Mr Dhesi added: “For the nation that pioneered rail that is just not good enough, so we have to make that investment. In meetings with stakeholders and industry experts over the past 18 months I have begun to build a strong picture of what is required.
“We need investment in jobs, skills and apprenticeships, we need to invest in accessibility, in rail infrastructure and new stations, tackle the climate crisis and make the transition to electrification and alternative power, to reform our ticketing systems and have integration with the wider public transport system so that people can move from one mode of transport to another easily.

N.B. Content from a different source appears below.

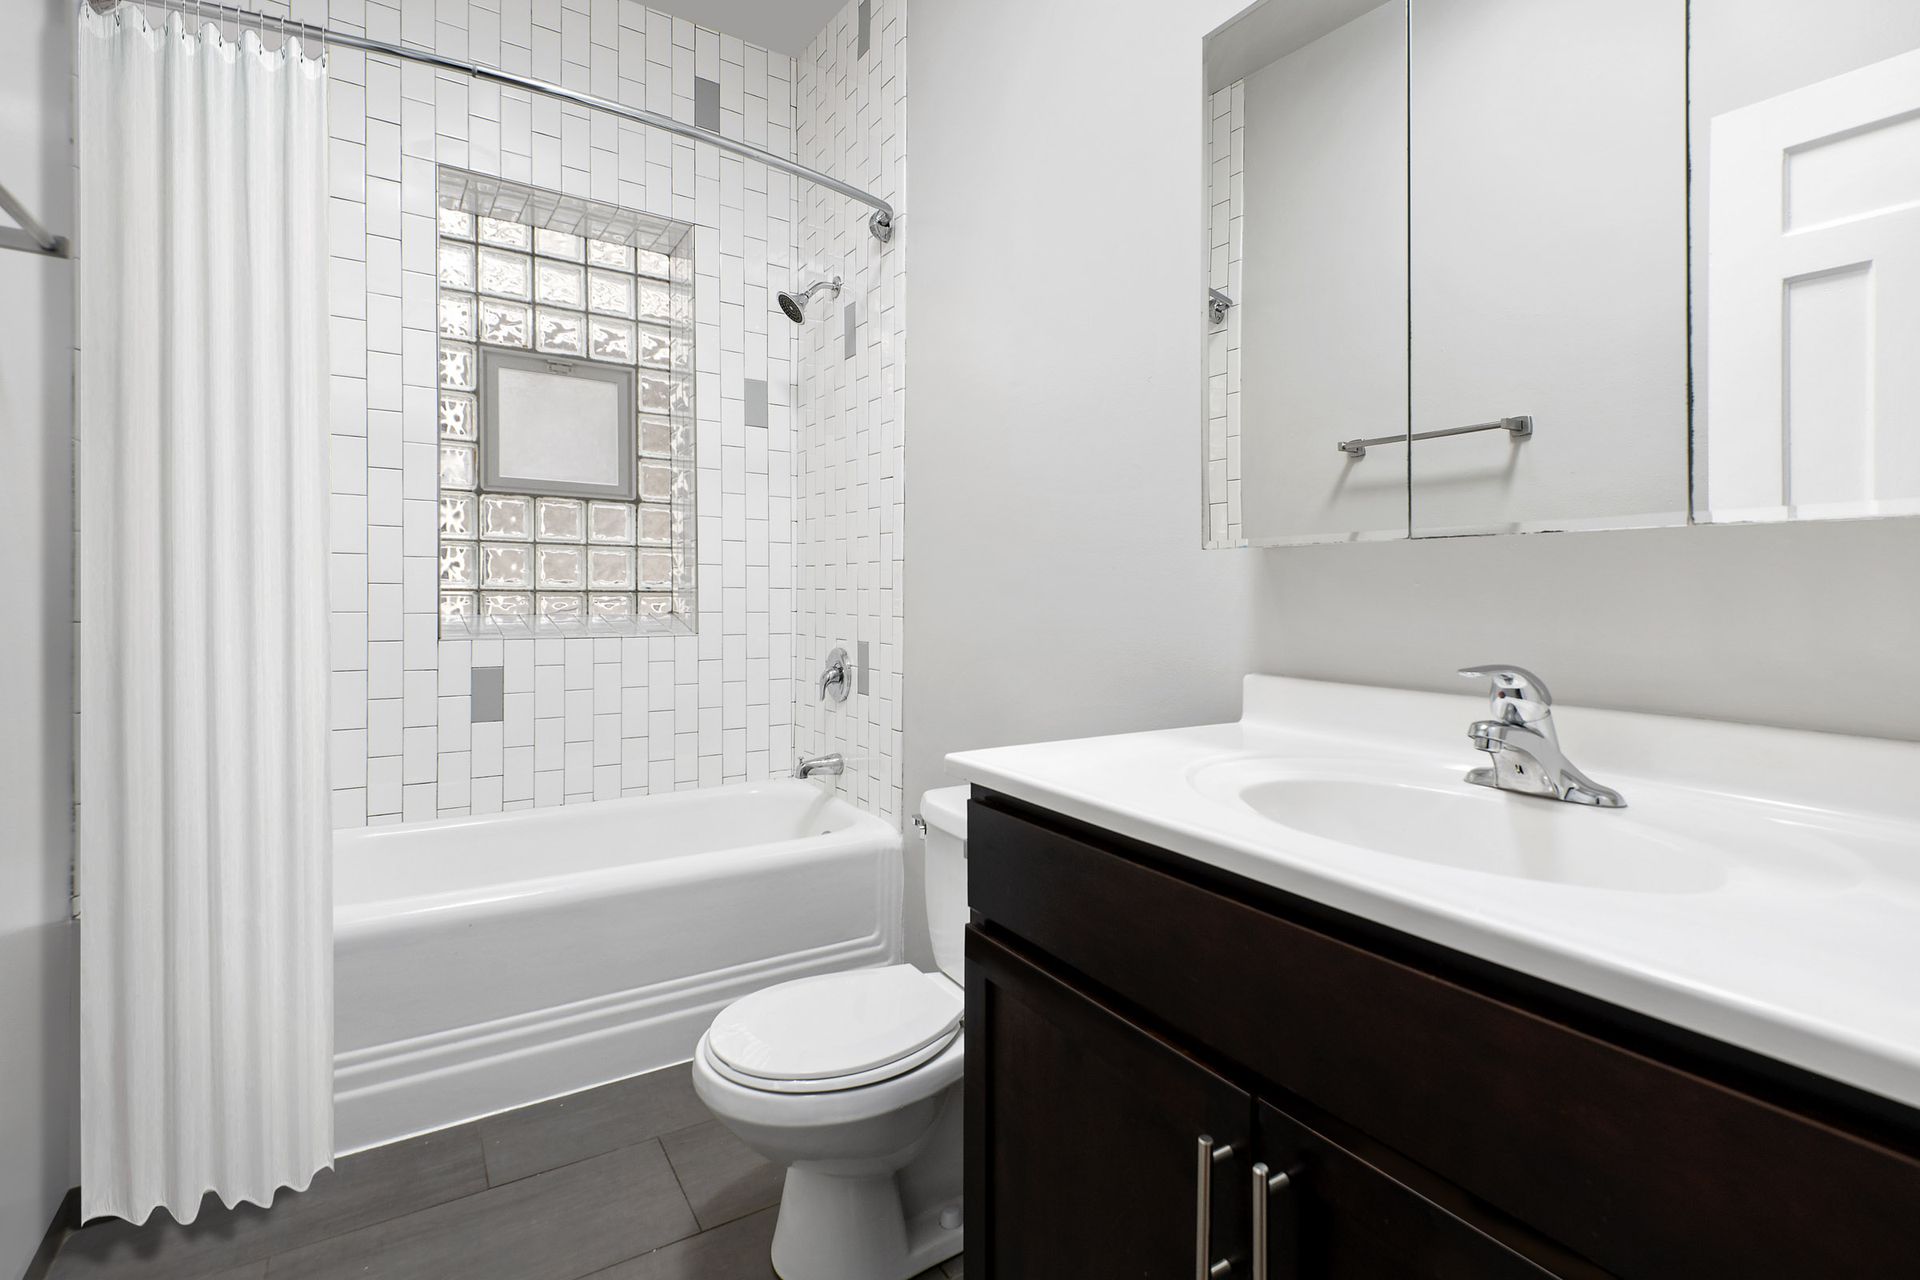 A bathroom with a toilet, sink, and bathtub at 429 W Melrose Street.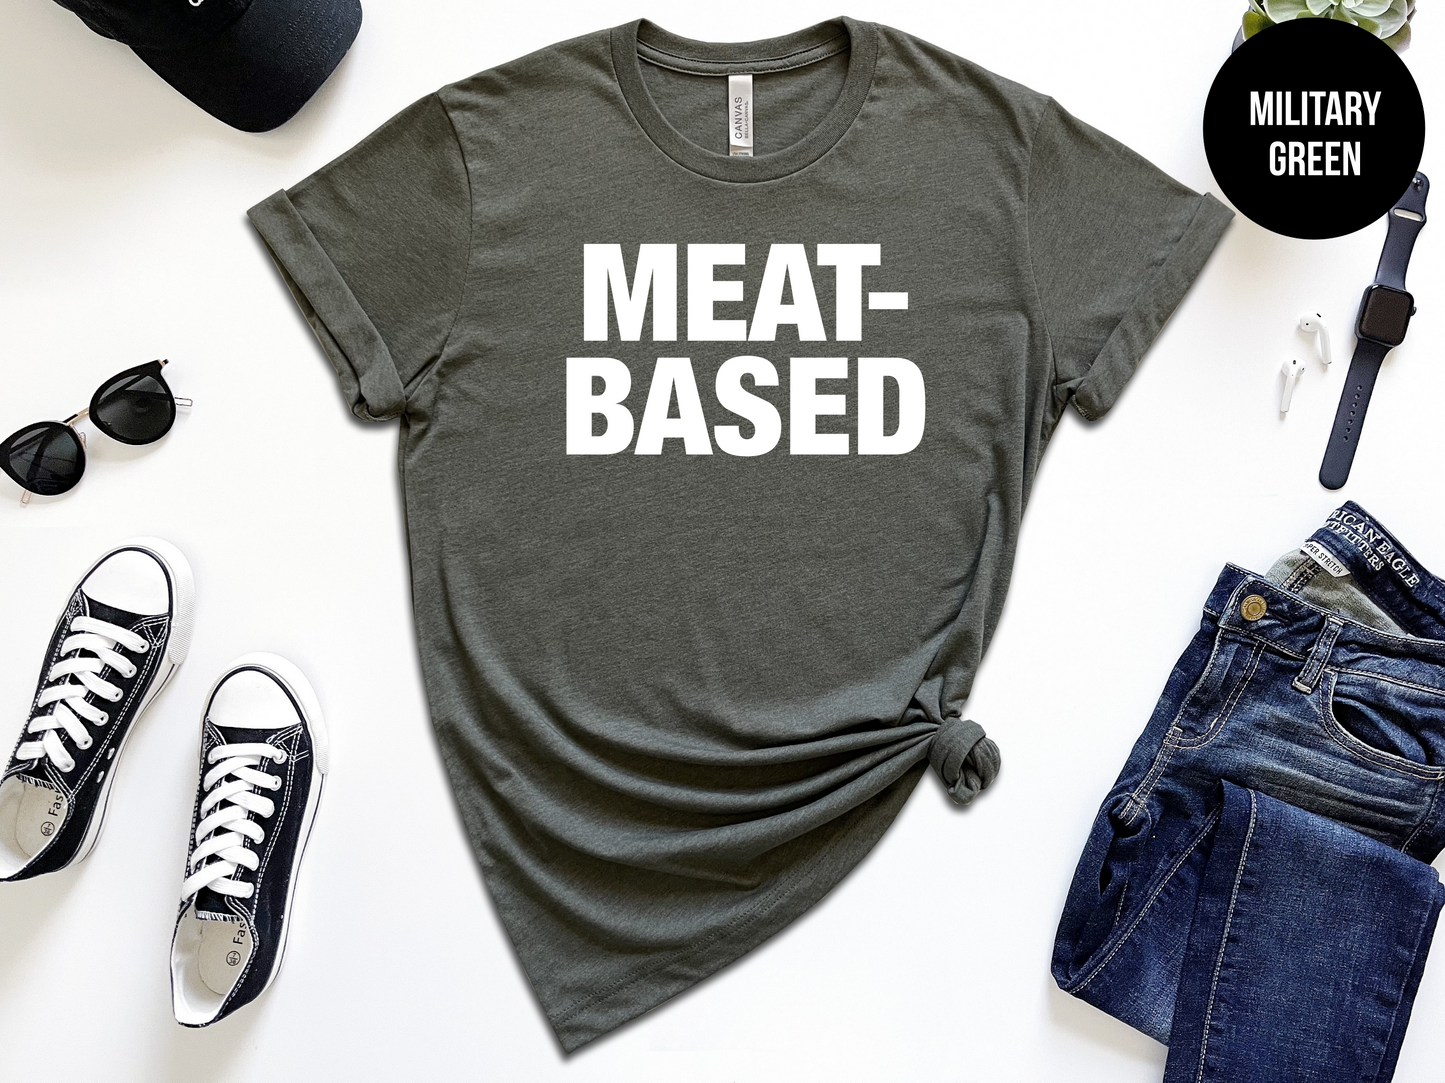 Meat-Based

“If we make our rail system and wider public transport more convenient, affordable and accessible, especially for people with disabilities, then we will make it a lot easier for everyone to use rail rather than resort to their cars.
“A Labour government will take rail back into public ownership, rather than making adjustments to this fragmented and failed franchise system that has had its day. We will replace that with a publicly owned railway system where we prioritise people over profit.
“At the moment the government has created the worst of both worlds with their plans for Great British Railways. The Plan for Rail nationalises the risk but privatises the profits. The government approaches rail reform from an ideological position that blinds them to the reasons why the system simply doesn’t work. We will hold this government to account on rail as we have in the past. What they should do and we will do is work towards a unified system that places the onus on quality and the reliability of services.
“Labour intrinsically understands rail. The last Labour government prioritised investment in modernising old, inefficient rolling stock. Having invested those billions, the priority of the past decade should have been a rolling programme of electrification instead of a decade of missed opportunities and failure.
“We will make sure that investment in major transport infrastructure programmes happens. We’ll also invest in a rolling programme of electrification and deliver on our promise in terms of the wider economy, with £28 billion invested in green industries and green jobs, which rail sits neatly within.
“Whereas rail accounts for 10 per cent of passenger journeys, it only accounts for one per cent of CO2 emissions. So it doesn’t take a genius to work out if you get more people onto rail, that will have a greater, positive impact on our environment.”